- Born: c. 1980 Buguma, Nigeria
- Known for: Convicted serial killer
- Criminal status: Arrested
- Criminal charge: Murder
- Penalty: Death

Details
- Victims: 15
- Span of crimes: July – 20 September 2019
- Country: Nigeria
- States: Rivers, Abia, Imo, Edo, Lagos
- Location: Port Harcourt
- Date apprehended: 19 September 2019

= Gracious David-West =

Nigerian serial killer

Gracious David-West (born c. 1980) is a Nigerian convicted serial killer. From July until September 2019, David-West killed at least 15 women, mostly in the city of Port Harcourt. He was apprehended on 19 September 2019. He later confessed to a total of 15 murders.

==Early life==
David-West reportedly had a tough childhood. Several individuals who knew him claimed that he was an only child born into a polygamous household, but he and his mother lived separately from the rest of the family. He claims that his mother was poisoned and that, as the only son of his father, much was expected of him, but he could not deliver. He claimed that he attended the branch of the Lord's Chosen Church in Obigbo, where he said that he confessed to the pastor that he had been killing women. The pastor reportedly invited him to a crusade prayer service to heal him.

David-West was reportedly a member of the Greenlanders (also known as Deebham or Dey Gbam), a mafia-styled street gang that sprung out of the armed militant groups that are notorious in Nigeria for engaging in criminal acts of violence and Voodoo.

==Murders==
Although he reportedly belonged to a criminal group, David-West told authorities that he had acted alone in the murders.

===Reason for murders===
In a confession, David-West claimed that he had "an irresistible urge to kill," and every night from June to his capture in September, he scoured the streets in his vehicle looking for women. He would proceed to take the victim to a local hotel, where he and the victim would eat, have sex, and then go to bed. In the middle of the night, David-West would wake up the victim and threaten her with a knife. Before killing the women, he robbed them of money, ATM cards, and other valuables. He would then turn the television or the radio on high volume, and using strips of cloth he had cut from the pillowcases, he would tie up the victim before manually strangling her. Victims were often found naked, bound with a white strip of cloth on their ankles, arms, and neck.

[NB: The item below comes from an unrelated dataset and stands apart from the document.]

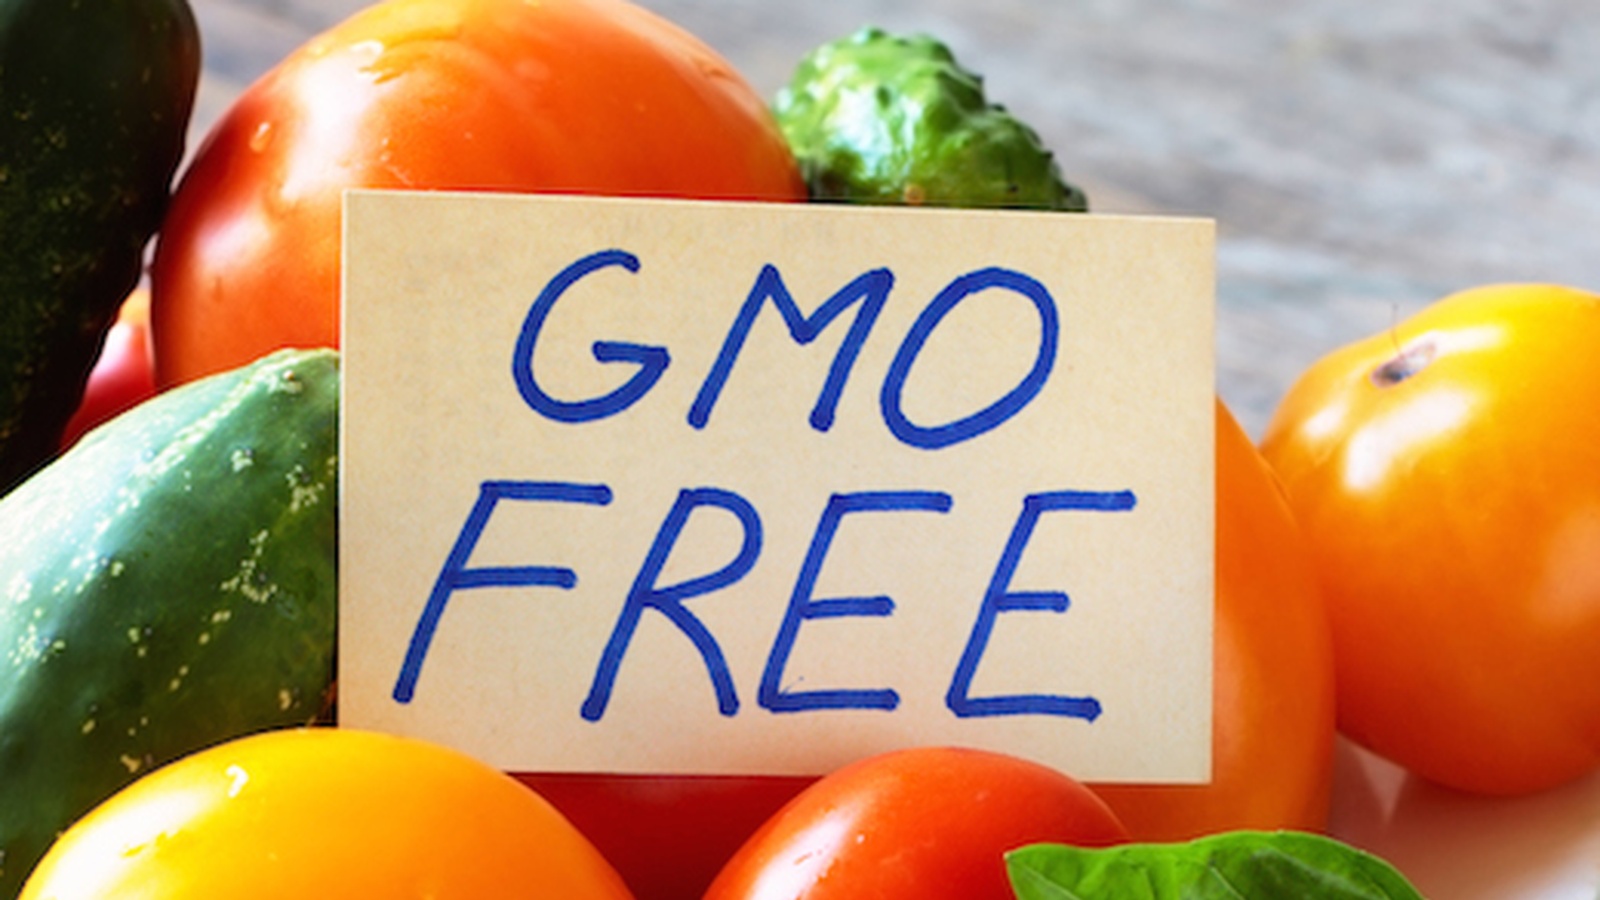 5 Tips On How To Dine Out GMO Free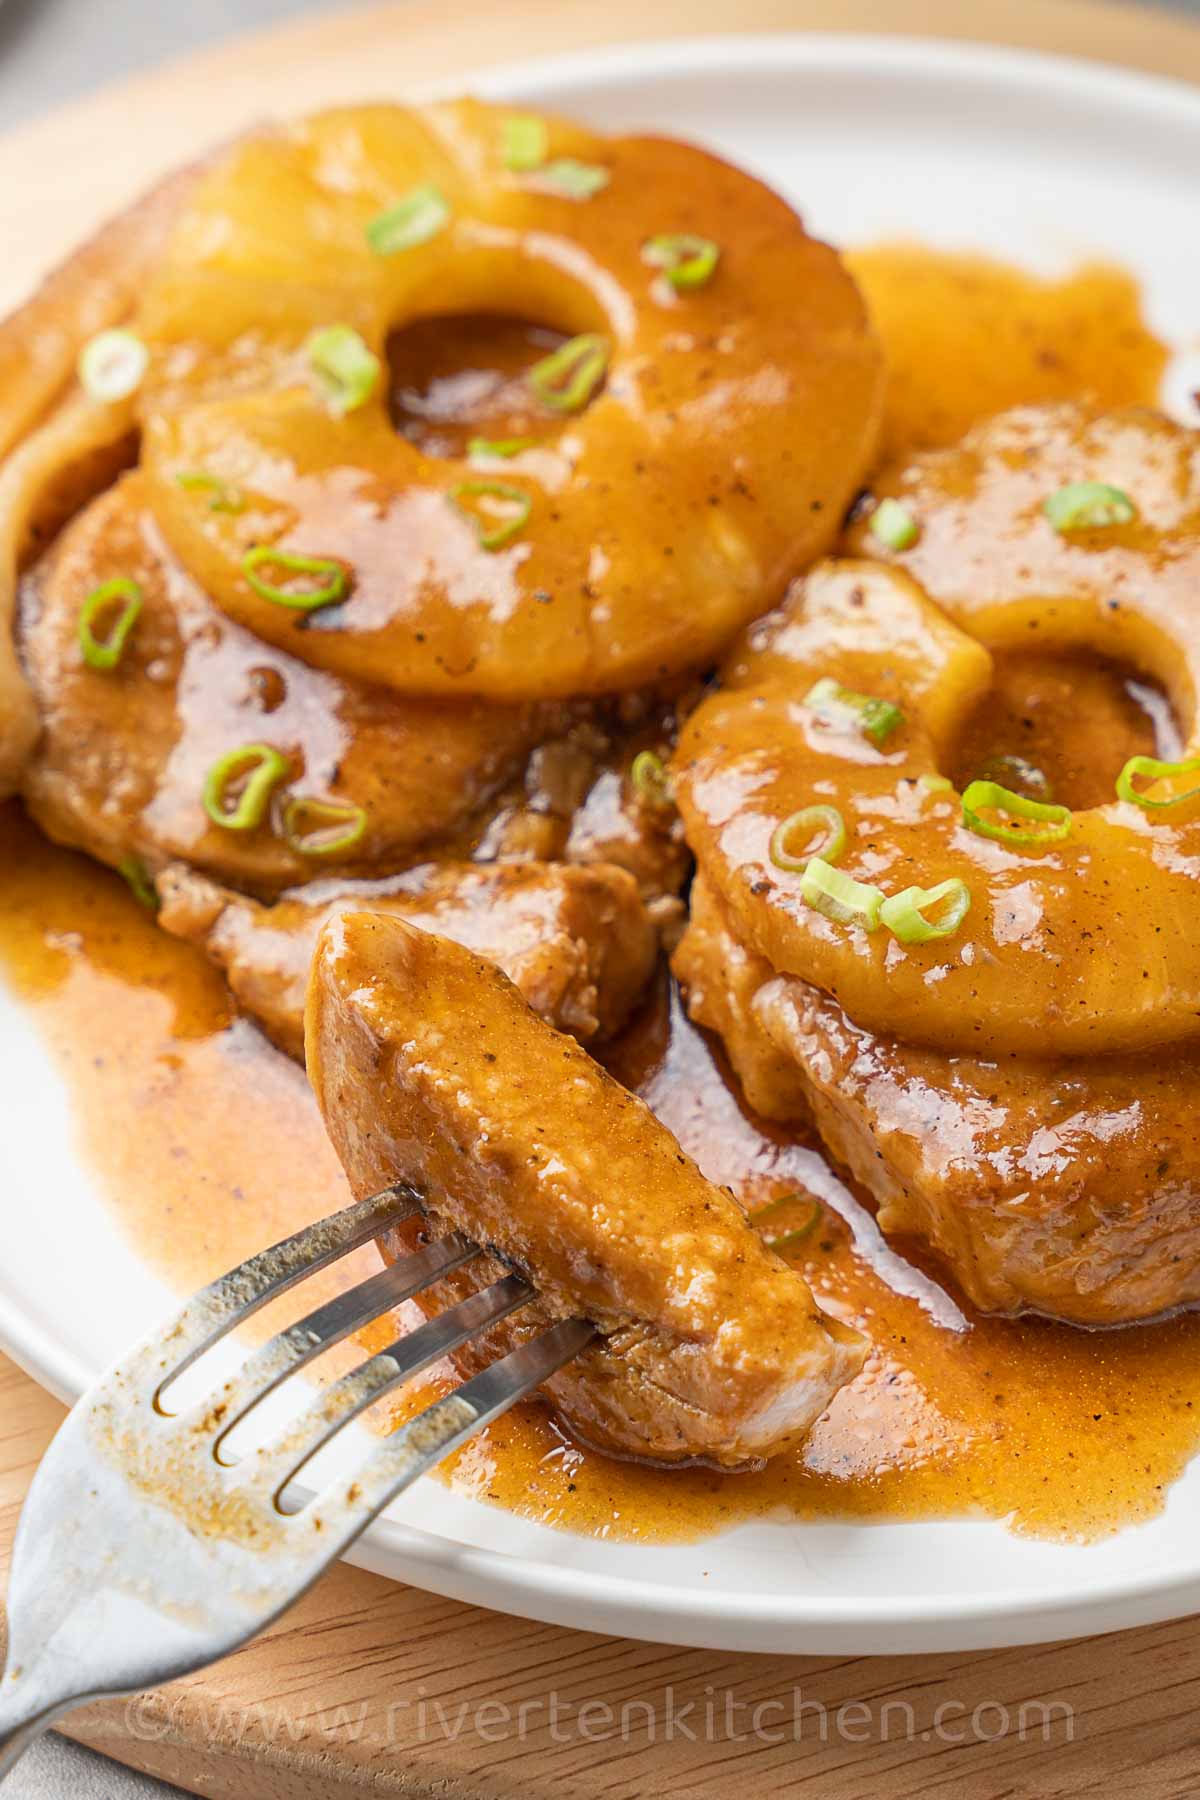 Pork chops with pineapple sauce and pineapple slices cooked in an Instant Pot pressure cooker.

He was arrested when, in the early morning of 19 September 2019, a woman who had accompanied him to a hotel woke up to David-West tying her up and preparing to suffocate her. David-West and another individual from Kaduna State were arrested and charged with homicide.

==Trial==
He was due for arraignment on 22 October 2019 but the absence of his lawyer frustrated his arraignment. However, when the case was called up the following day, David-West pleaded guilty to nine murder charges against him but pleaded not guilty to the charge of attempted murder of the victim who survived his attack. Judge Adolphus Enebeli adjourned till 18, 21, 27 and 29 November and 4 December 2019 for the hearing and ordered that the suspect be remanded in prison custody. On 23 March 2020, David-West shocked people in court when he denied he was the person in any of the images on the front page of the newspaper and on a short CCTV video clip of him in a hotel with his alleged last victim, adding that he did not know what the prosecuting state council was talking about since he had not committed any offence. The judge allowed the video images to be admitted as evidence, but did not accept the copy of the newspaper and adjourned the matter to 27 March 2020 for continuation. On 11 June 2020, the judge gave 21 days to councils involved in the murder trial to file their written addresses and adjourned the suit to 29 July 2020 for the adoption of written addresses.

In August 2020, the presiding judge of the Rivers State High Court sitting in Port Harcourt, Justice Adolphus Enebeli, fixed 9 October 2020 for the delivery of judgment on the murder charges levelled against David-West.

In October 2020, David-West was found guilty of murder and attempted murder and was sentenced to death by hanging by Justice Adolphus Enebeli.